Голос не получившего свое сполна и озлобившегося, ведь так? Но запомните, дети, это и есть безошибочный признак крушения.
Некрасивая вышла картина. Разумеется - а как было этого избежать? - я вставил ее в раму, возил с места на место и показывал разным критикам. Была среди них одна дама, о которой только и можно сказать, что всякая жизнь по сравнению с ее жизнью казалась умиранием - даже в этот раз, когда она не столько утешала меня, сколько корила. И хотя мой рассказ закончен, да будет мне позволено в виде постскриптума привести наш разговор.
- Послушайте, - сказала она (в разговоре она часто пользуется словом "послушайте" - дело в том, что, говоря, она мыслит, на самом деле мыслит). Итак: - Послушайте, - сказала она, - ну что вы все проливаете над собой слезы? Постарайтесь себя убедить, что с вами все в порядке, а обвал произошел совсем в другом месте, в Большом каньоне к примеру.
- Нет, во мне, - ответил я, чувствуя себя героем.
- Послушайте! Весь мир - это то, что вы видите, то, что вы о нем думаете. Можете сделать его очень большим или совсем маленьким, как захотите. А вам вздумалось превращать себя в ничтожество. Да если бы я пережила крушение, со мной вместе провалился бы весь свет! Послушайте! Мир существует только потому, что вы его воспринимаете. Так почему не сказать, что обвал - в Большом каньоне?
- Малышка уже прочитала всего-всего Спинозу?
- Понятия не имею о вашем Спинозе. Но я знаю... - И дальше она принялась рассказывать о трудностях, с которыми сама столкнулась в прошлом, и рассказывала так, что они выглядели куда трагичнее, чем мои, но она-то не пала духом, сумела все вытерпеть и преодолеть.

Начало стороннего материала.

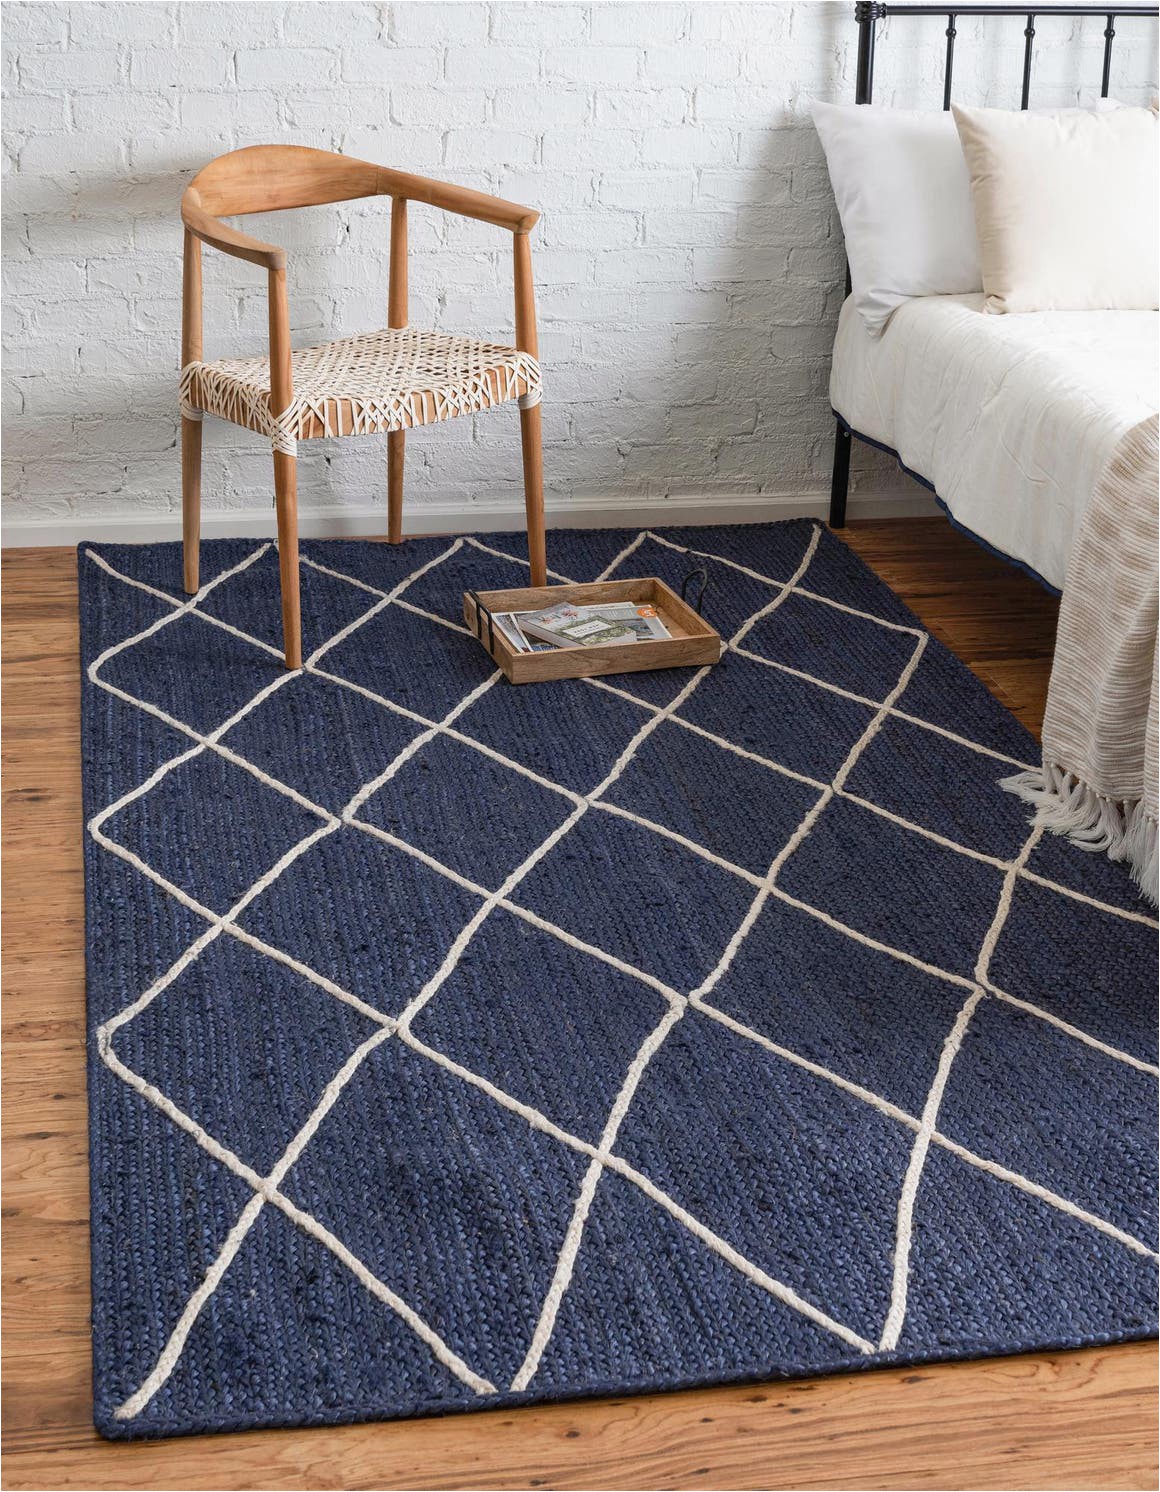 navy blue 4x6 braided jute area rug

Сказанное ею меня задело, но думаю я медленно, и кроме того, пока она говорила, мне пришло в голову, что из присущих человеку естественных свойств жизнелюбие прививается труднее всего. В те годы, когда энергия рождалась в тебе сама собой, ею хотелось поделиться, но оказалось, что чужое жизнелюбие никогда не "прививается". Либо оно есть, либо нет - точно так же, как здоровье, или честность, или карие глаза, или баритон. Я бы даже мог попросить у нее, чтобы она подарила мне кусочек своего жизнелюбия, аккуратно его запаковав и объяснив, как им пользоваться, но толку для меня от этого не было бы никакого - пусть я, забившись в уголок и изнывая от жалости к самому себе, ждал бы хоть целый месяц. И я мог только уйти от нее, неся себя осторожно, словно треснувшую тарелку, уйти в мир горечи, в котором я научился видеть свой дом, выстроенный из материалов, какие отыскались в этом старом мире, и, уходя, молча напомнить о себе:
"Вы - соль земли. Если же соль потеряет силу, то чем сделаешь ее соленою?" (От Матфея, 5, 13.)